■ Activity
Leave the pictures out and return every line below exactly.
(Given data)
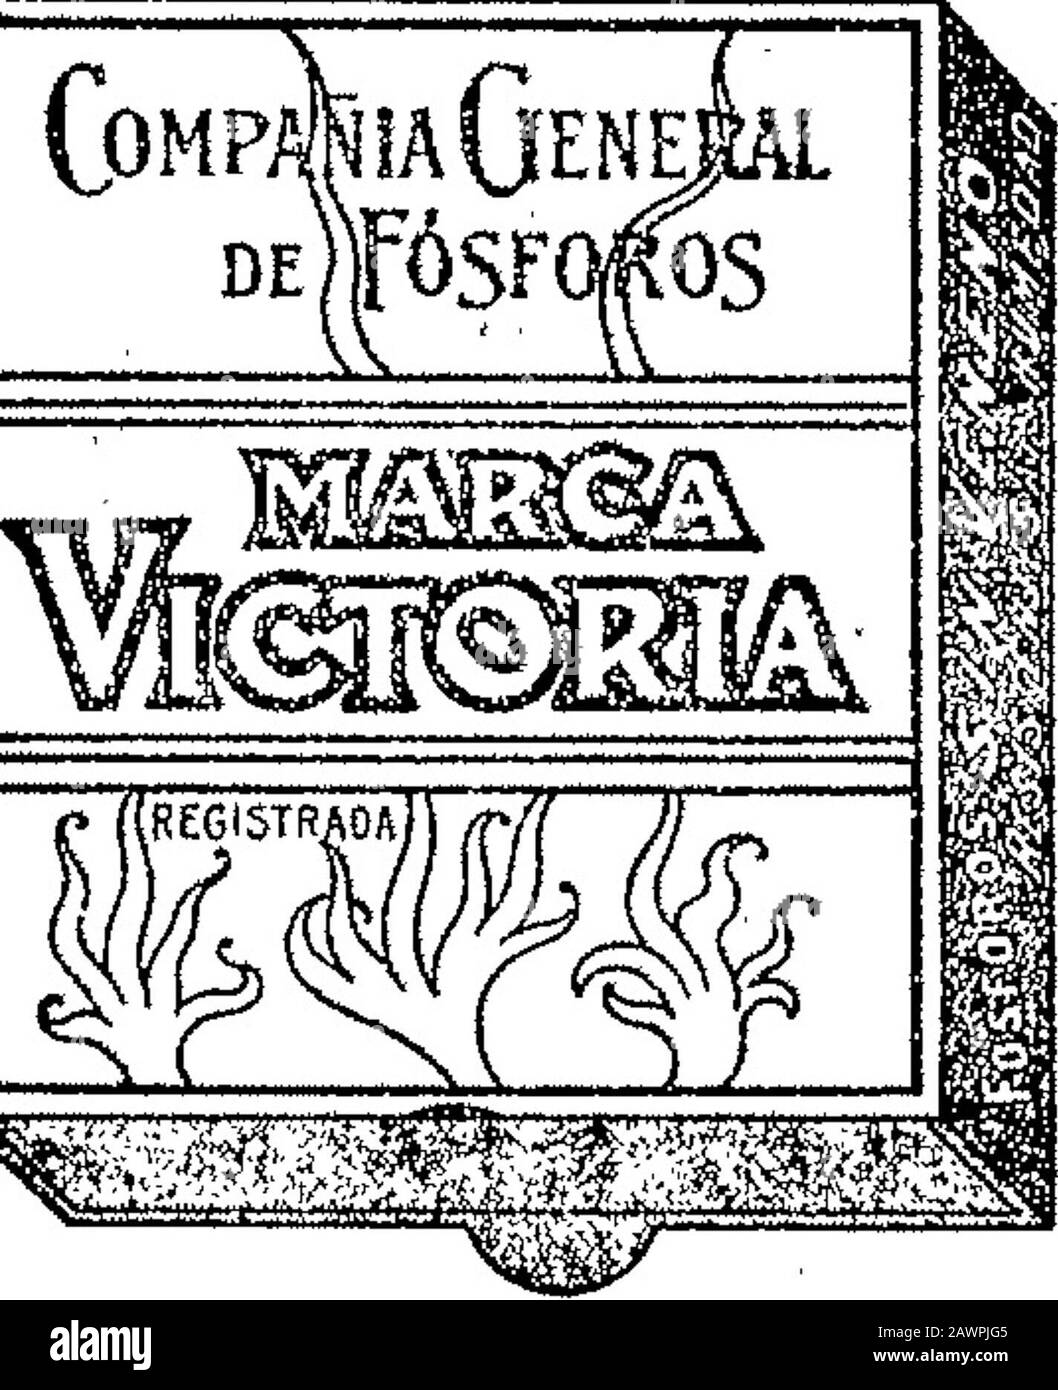 Boletín Oficial de la República Argentina1907 1ra sección . Abril 15 de 1907.—J. M. Adoue y Cía.-Vinos de la dase 68 (Substituida) v-3-julio. A«ta no 30SSO Compí^iaGenji DE|fÓSFO¡^S. FAFNIR ^^&gt;M.&gt;lMr„.v^,,l,l^T&lt;l^¿,^,|^.Ml^^t.^f;Vl•fir^hl^^.TJ? Junio 25 de 1907.-Compañía General deFósforos —Fósforos de la clase 12. v-3 julio. x.«»a. u» 30.8S] Stock Photo
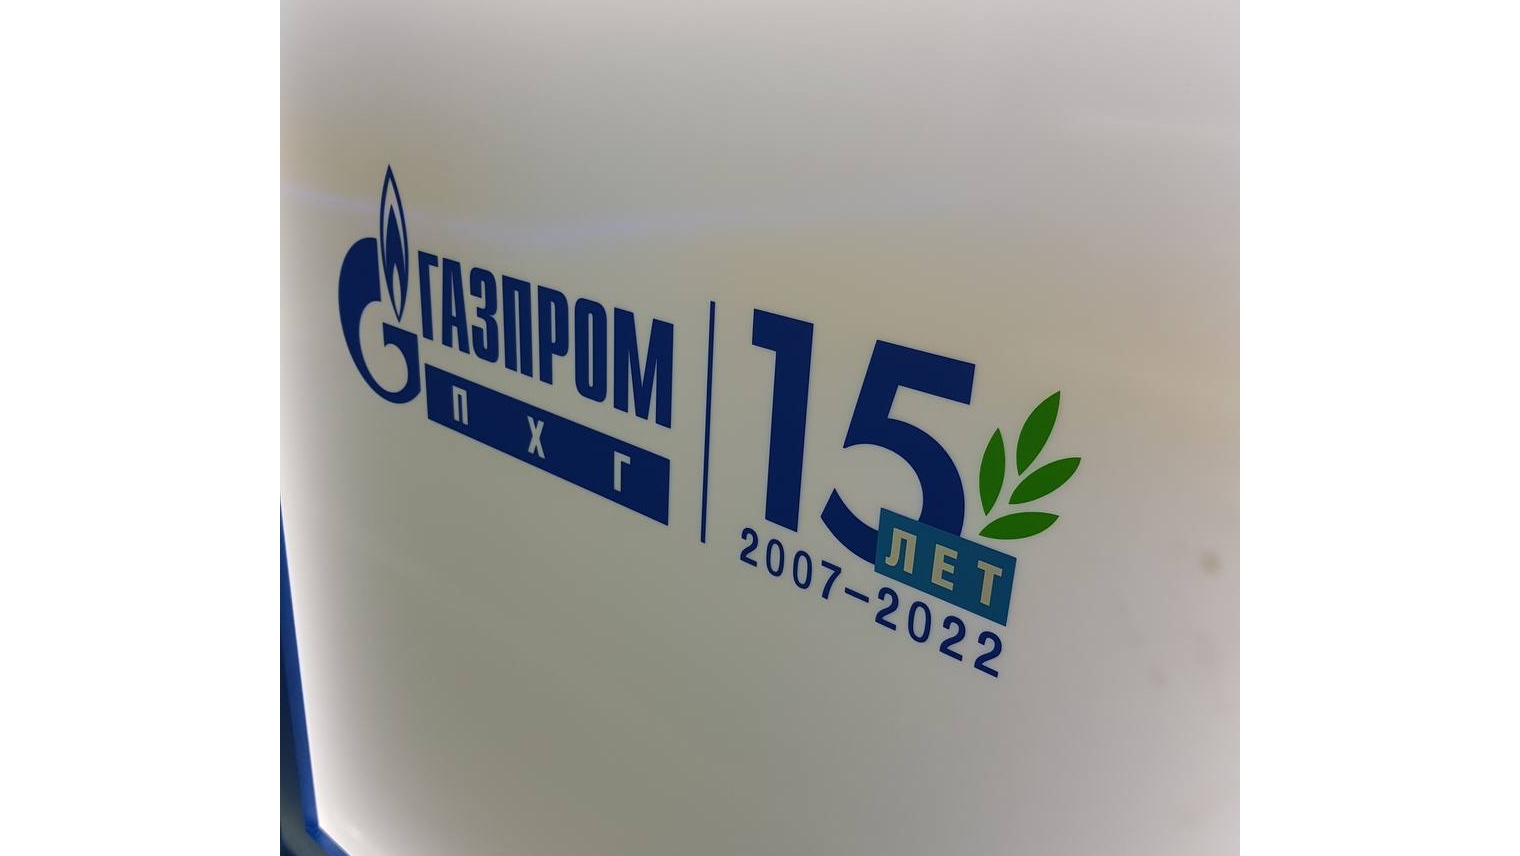 ООО «Газпром ПХГ» обеспечит подземное хранение газа.  Запасы ПХГ в России
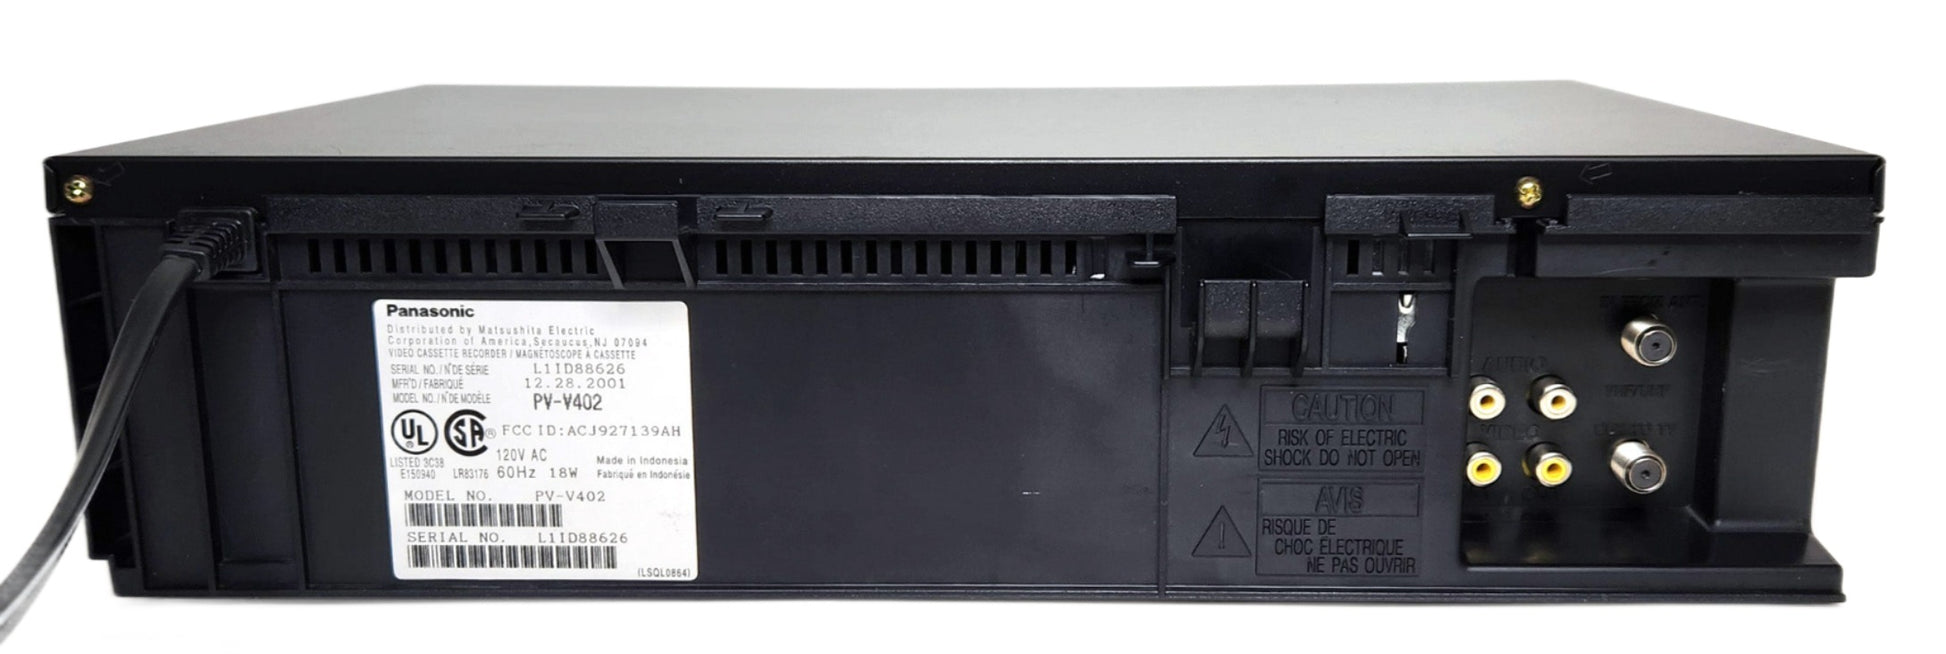 Panasonic PV-V402 Omnivision VCR, 4-Head Mono - Rear
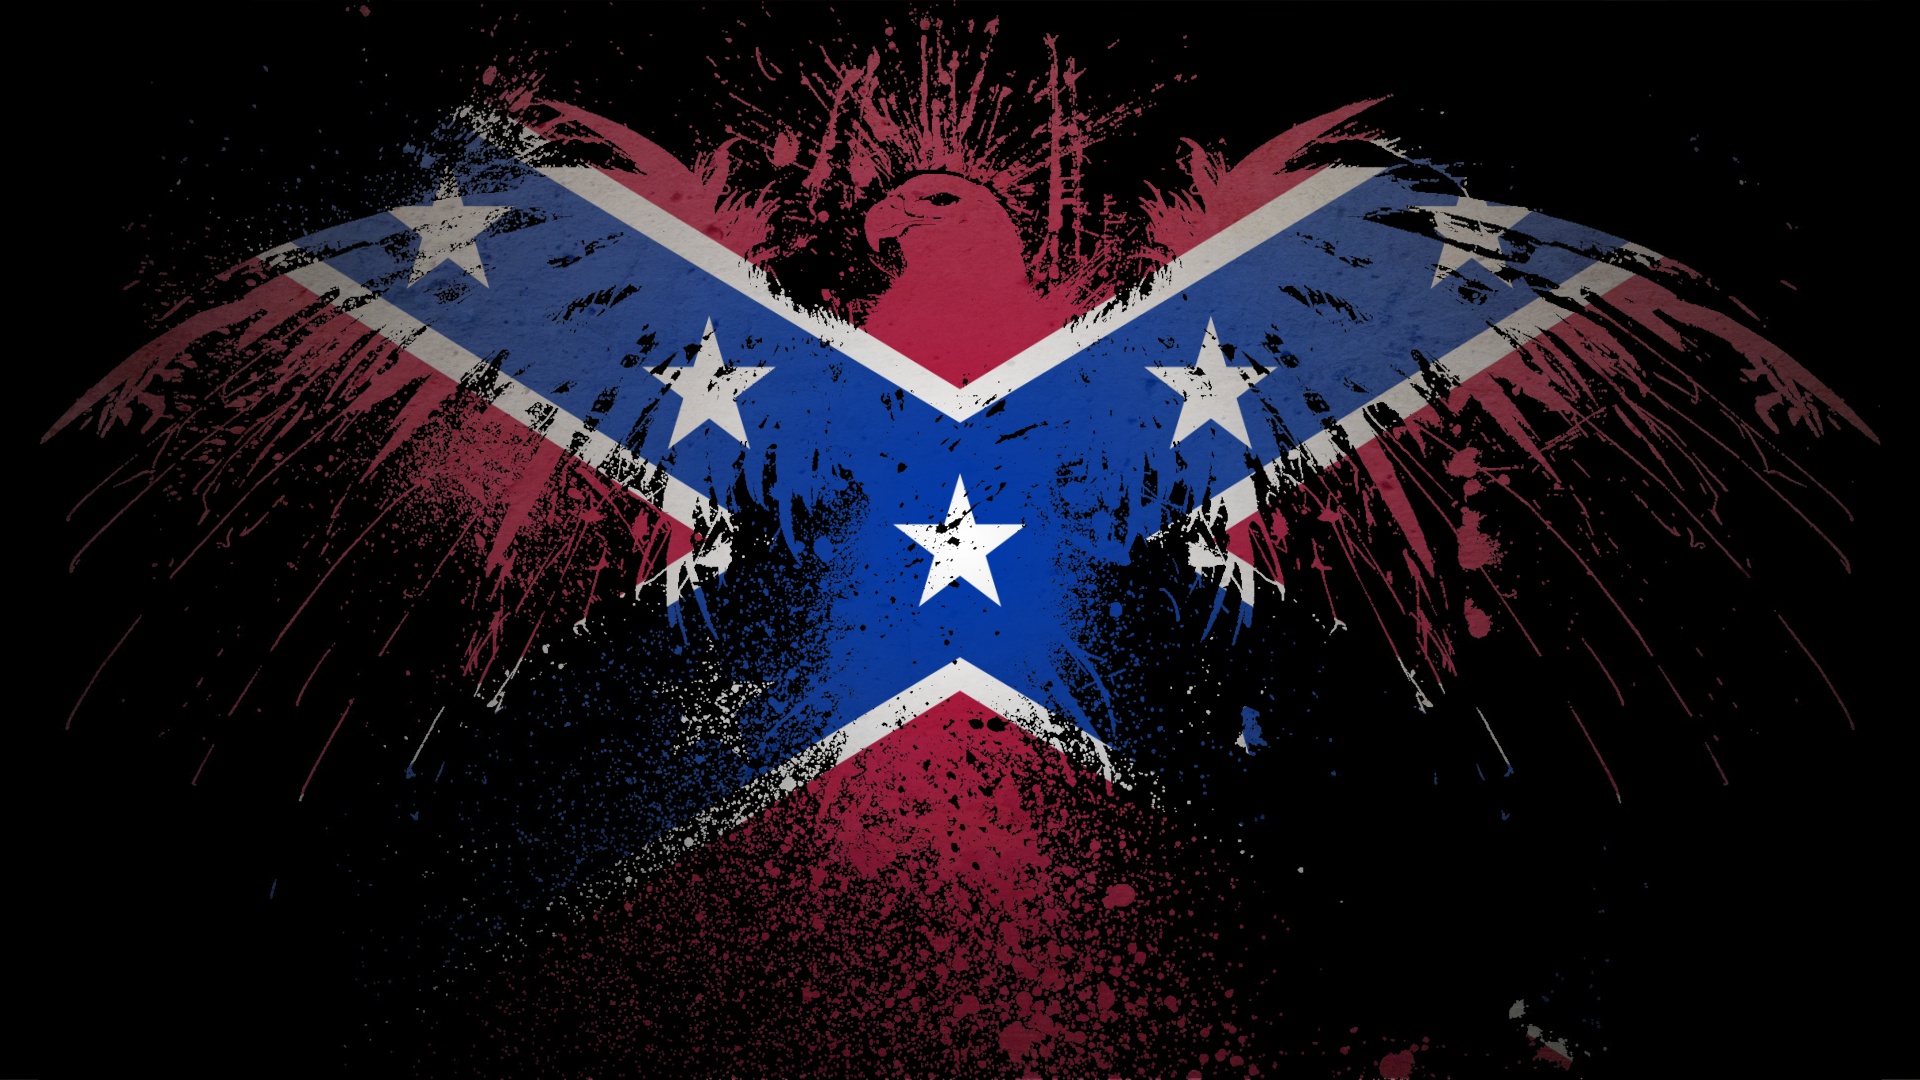 Confederate Jpg
(End Given data)
■ Written reply
 Boletín Oficial de la República Argentina1907 1ra sección . Abril 15 de 1907.—J. M. Adoue y Cía.-Vinos de la dase 68 (Substituida) v-3-julio. A«ta no 30SSO Compí^iaGenji DE|fÓSFO¡^S. FAFNIR ^^&gt;M.&gt;lMr„.v^,,l,l^T&lt;l^¿,^,|^.Ml^^t.^f;Vl•fir^hl^^.TJ? Junio 25 de 1907.-Compañía General deFósforos —Fósforos de la clase 12. v-3 julio. x.«»a. u» 30.8S] Stock Photo
 ООО «Газпром ПХГ» обеспечит подземное хранение газа.  Запасы ПХГ в России
 Panasonic PV-V402 Omnivision VCR, 4-Head Mono - Rear
 Confederate Jpg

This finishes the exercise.